## WORK REQUIRED:
The copy should begin at the line containing "The Big 4 at the Laver Cup 2022" and end at the last line of the material. Please reproduce those lines exactly and keep pictures out.

## PROVIDED MATERIAL:
'''
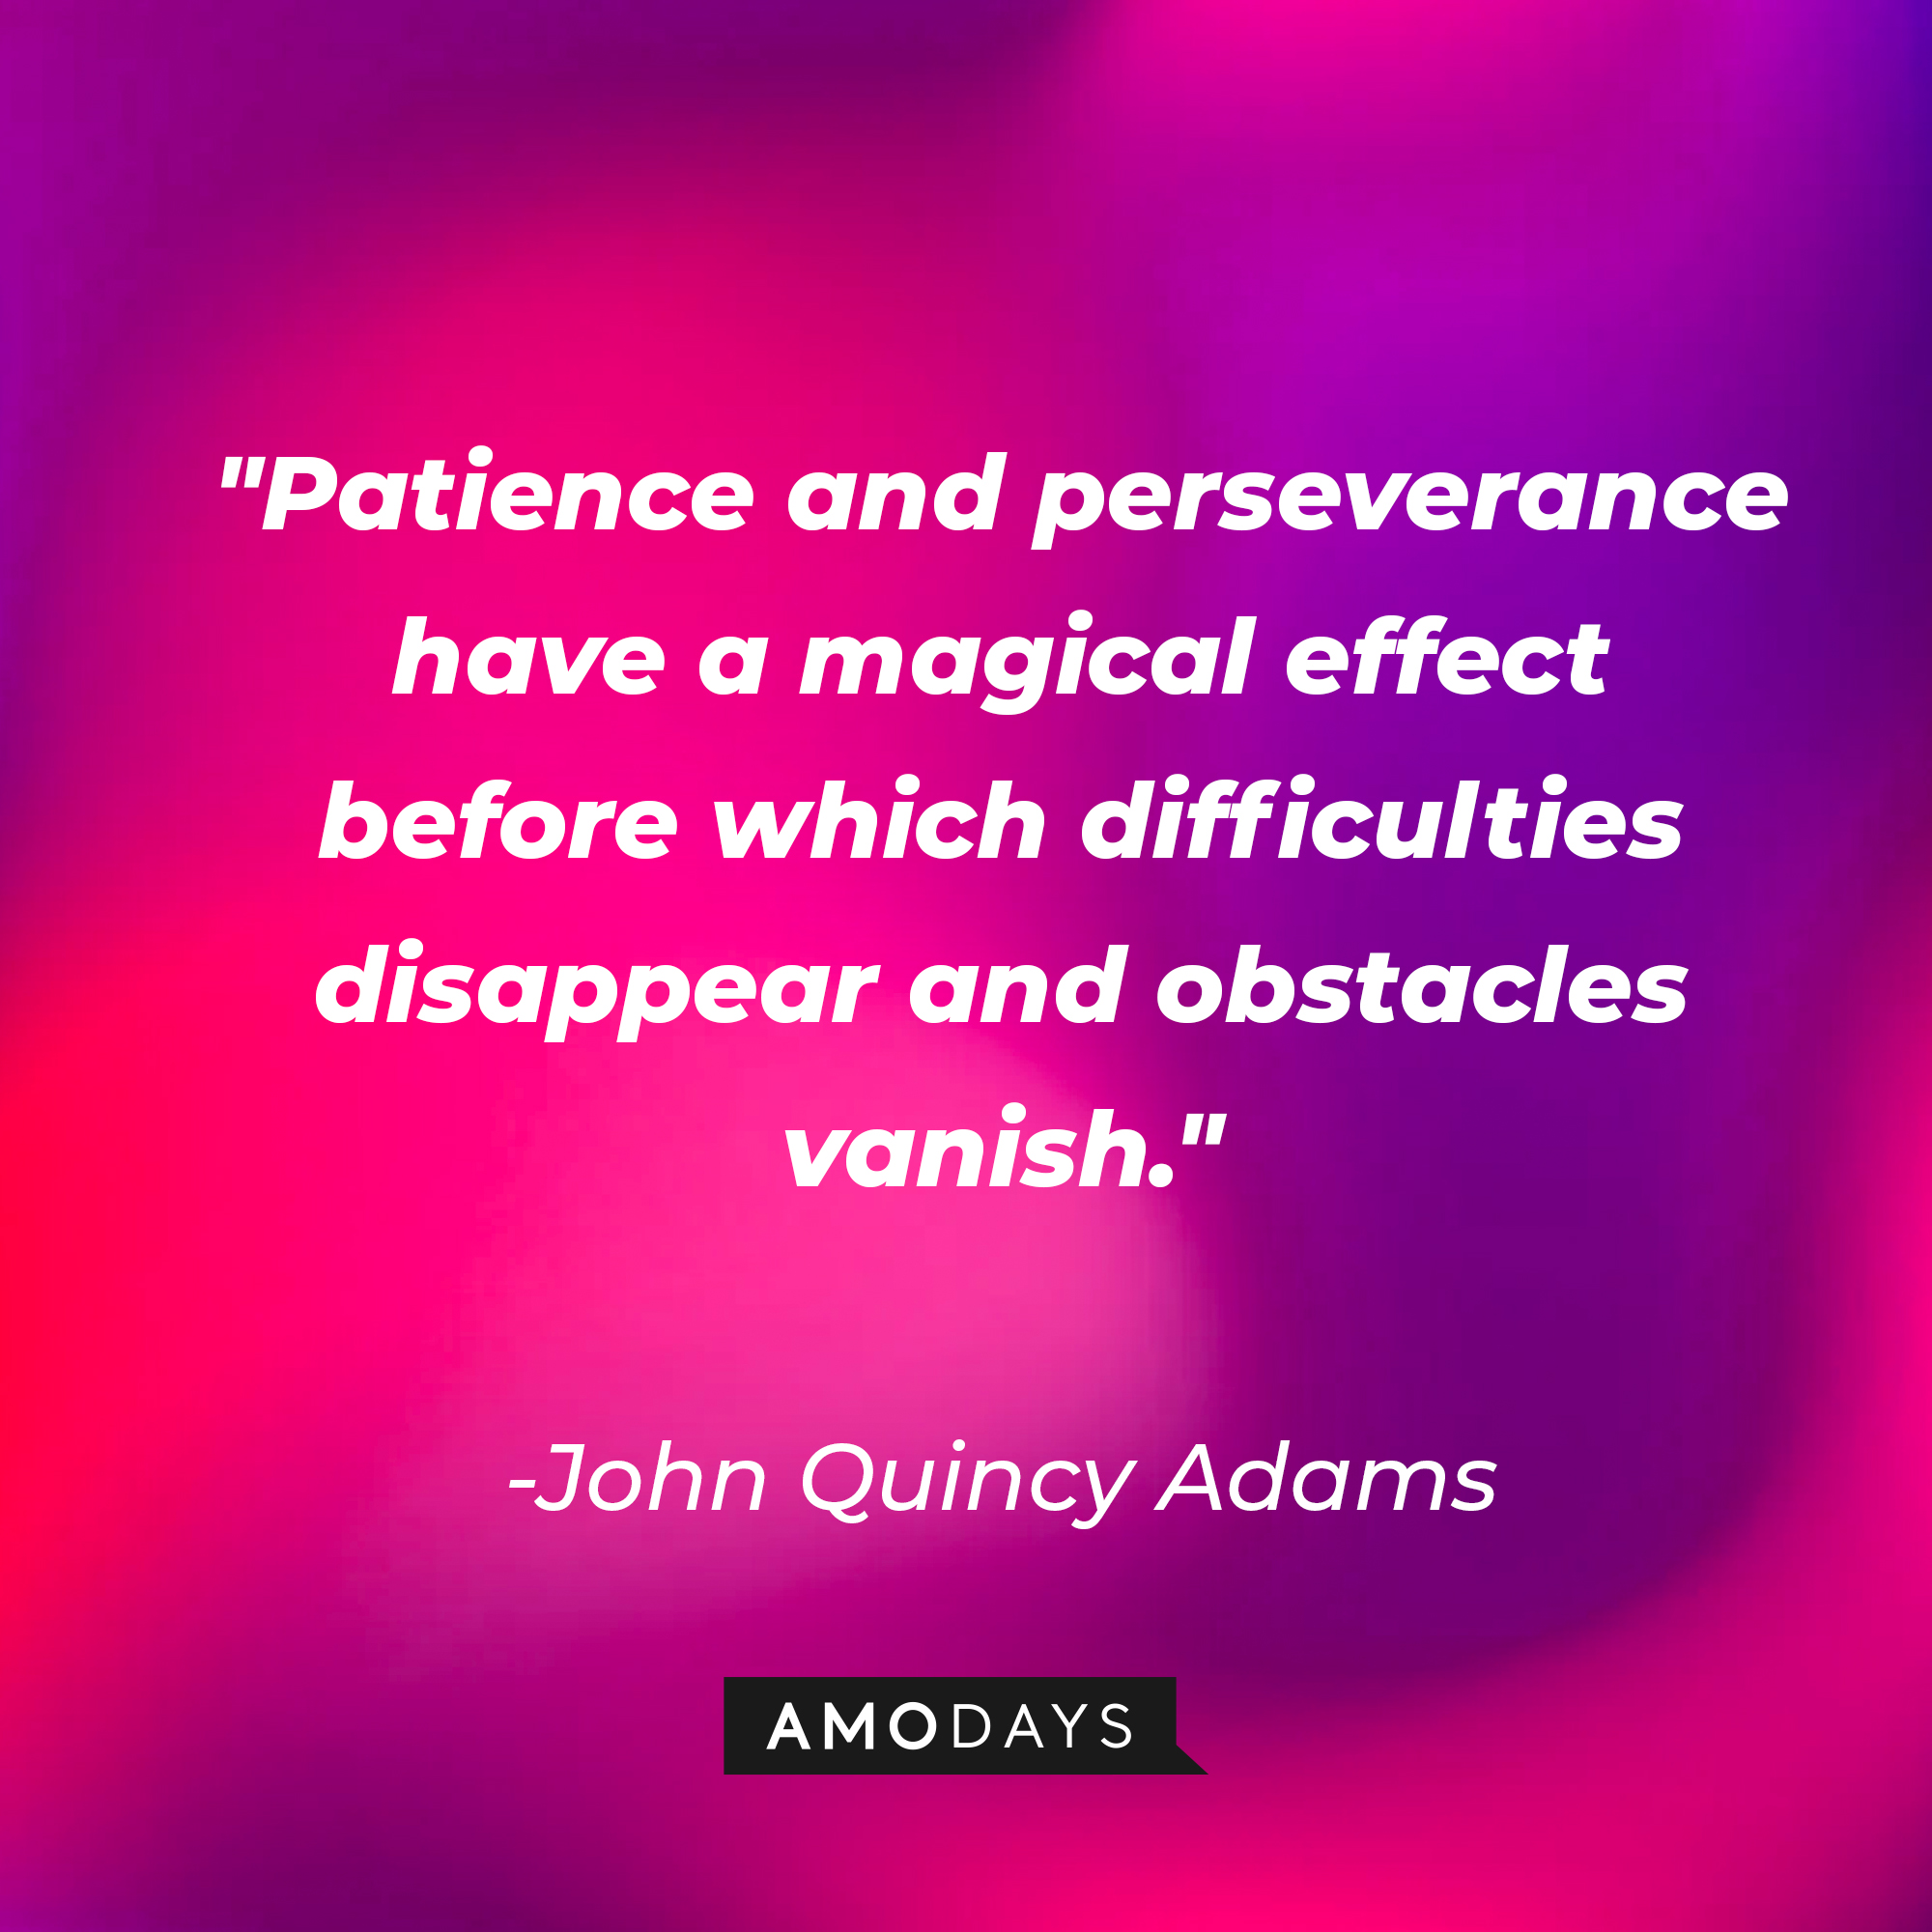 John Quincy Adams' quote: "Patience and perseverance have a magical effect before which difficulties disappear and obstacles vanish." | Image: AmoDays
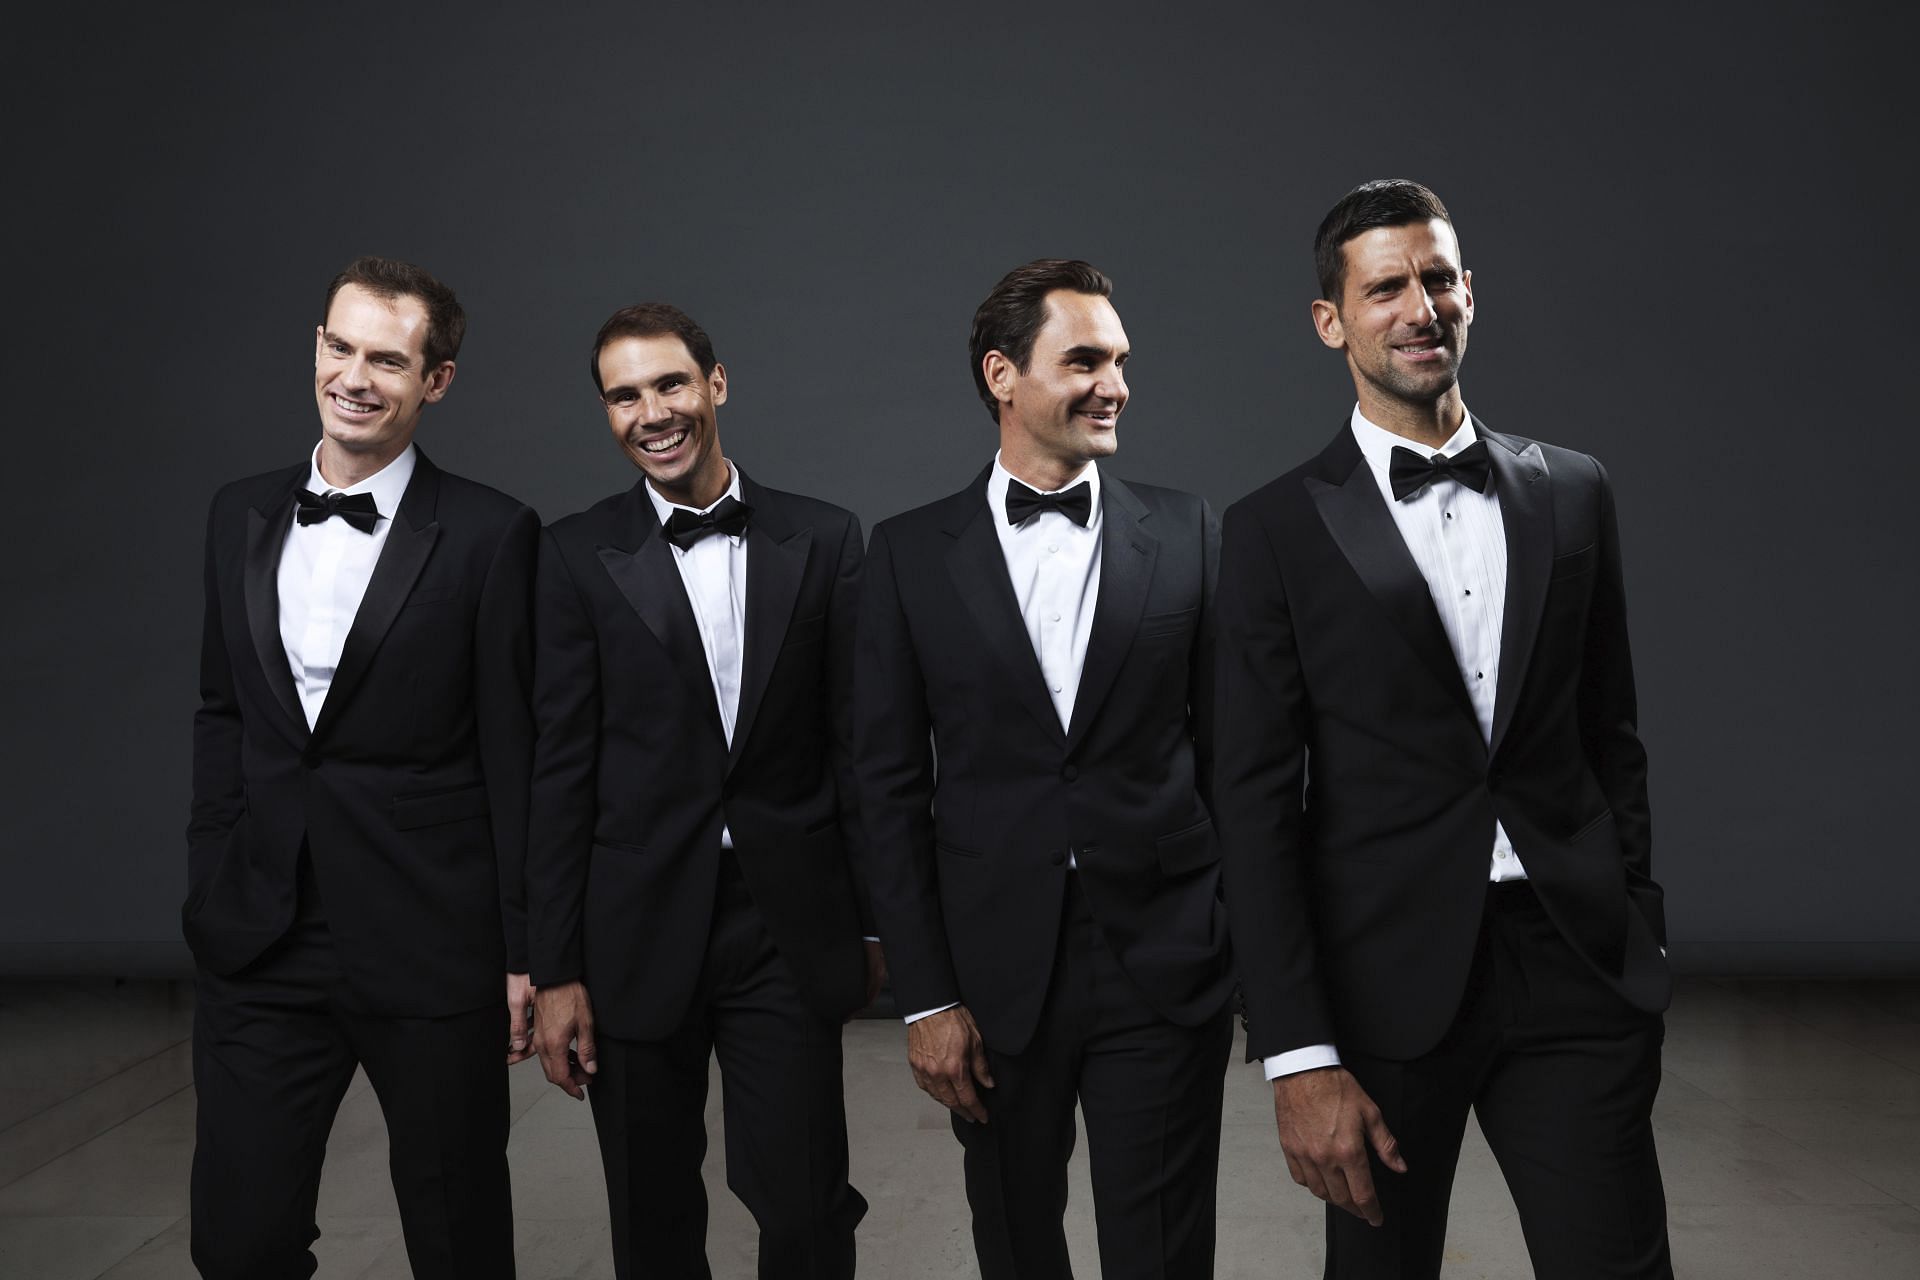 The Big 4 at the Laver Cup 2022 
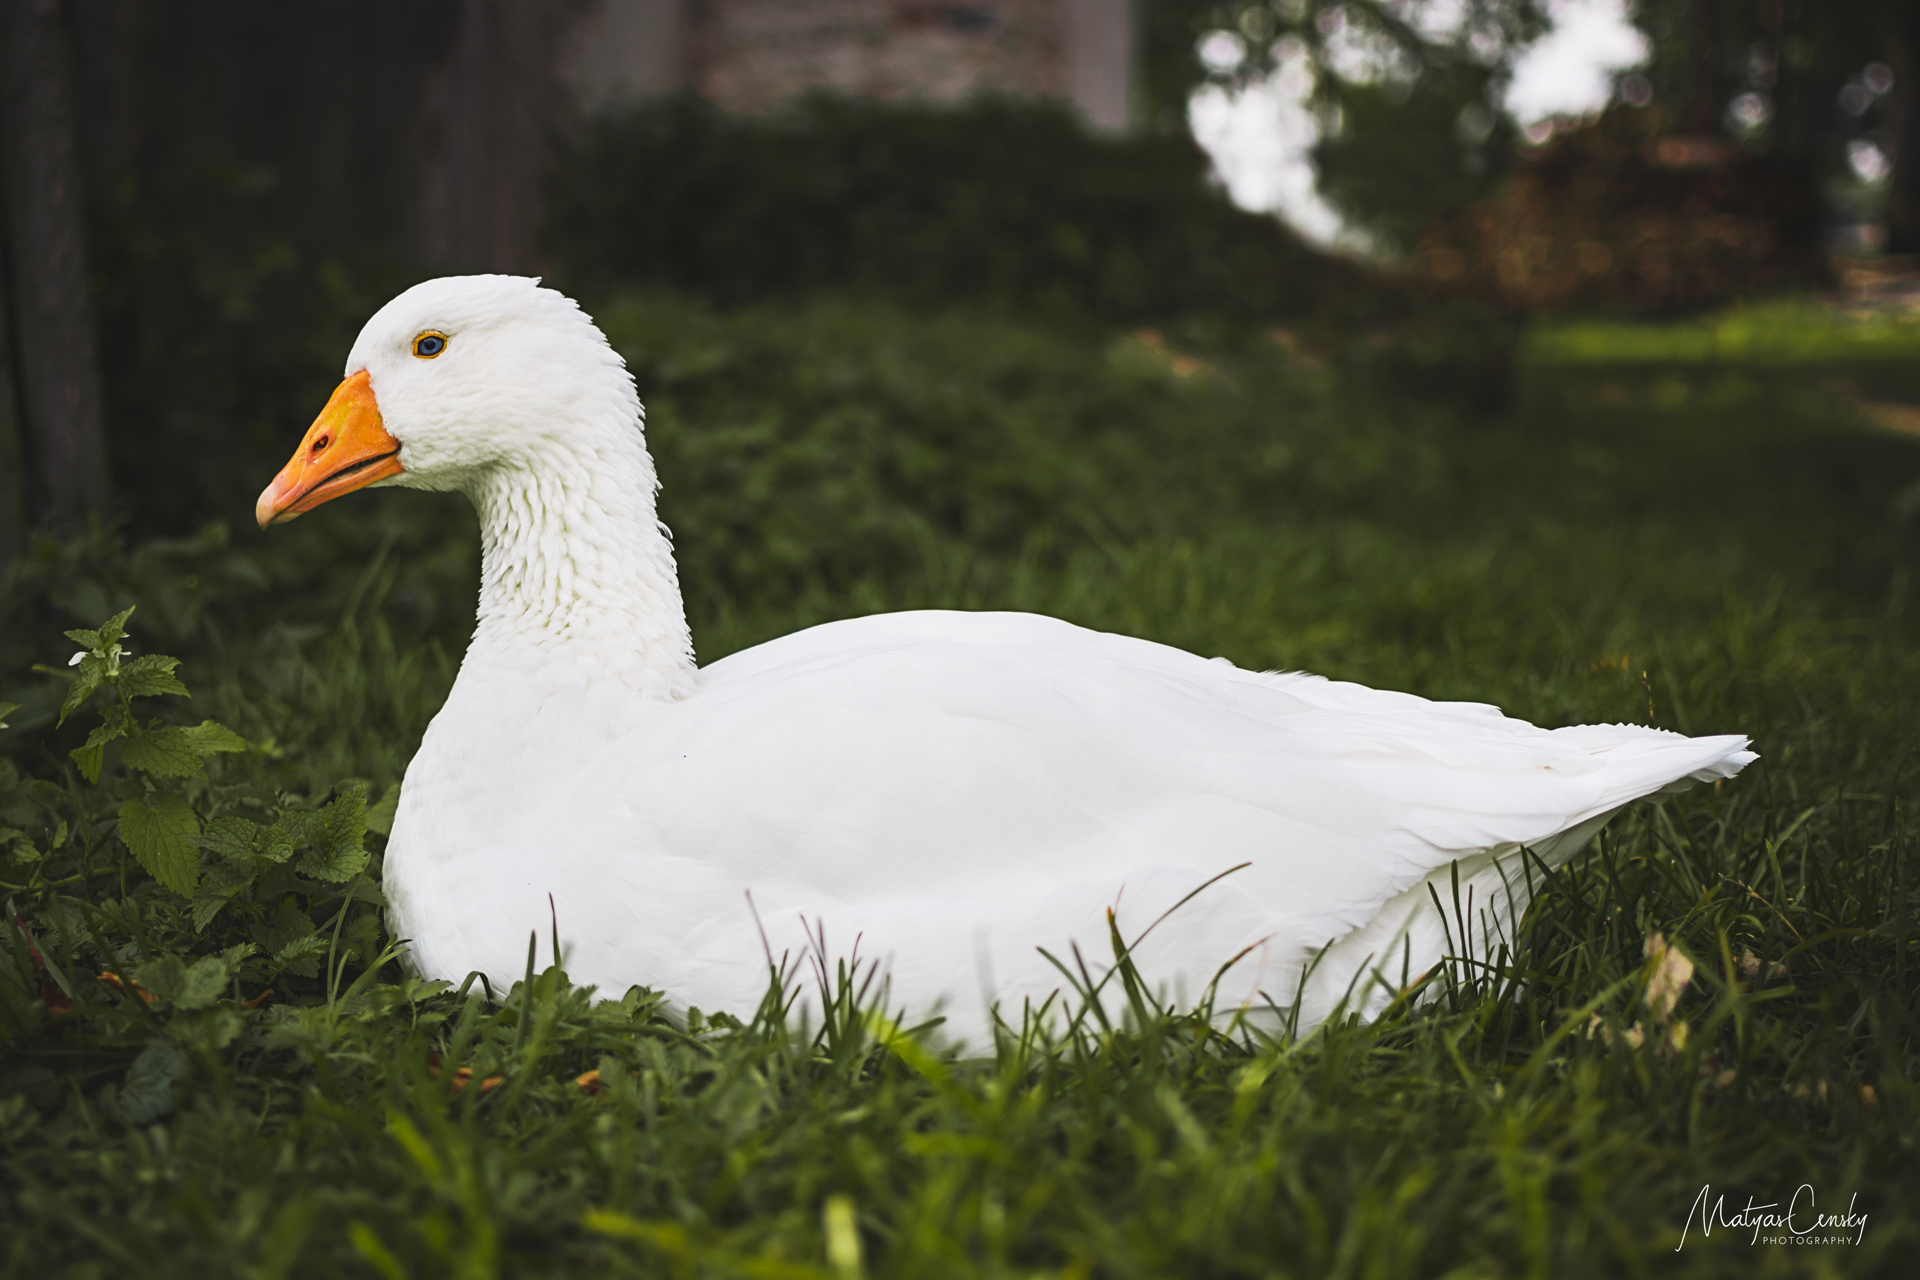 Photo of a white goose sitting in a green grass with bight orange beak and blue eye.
'''
## EXERCISE SOLUTION:
 The Big 4 at the Laver Cup 2022 
 Photo of a white goose sitting in a green grass with bight orange beak and blue eye.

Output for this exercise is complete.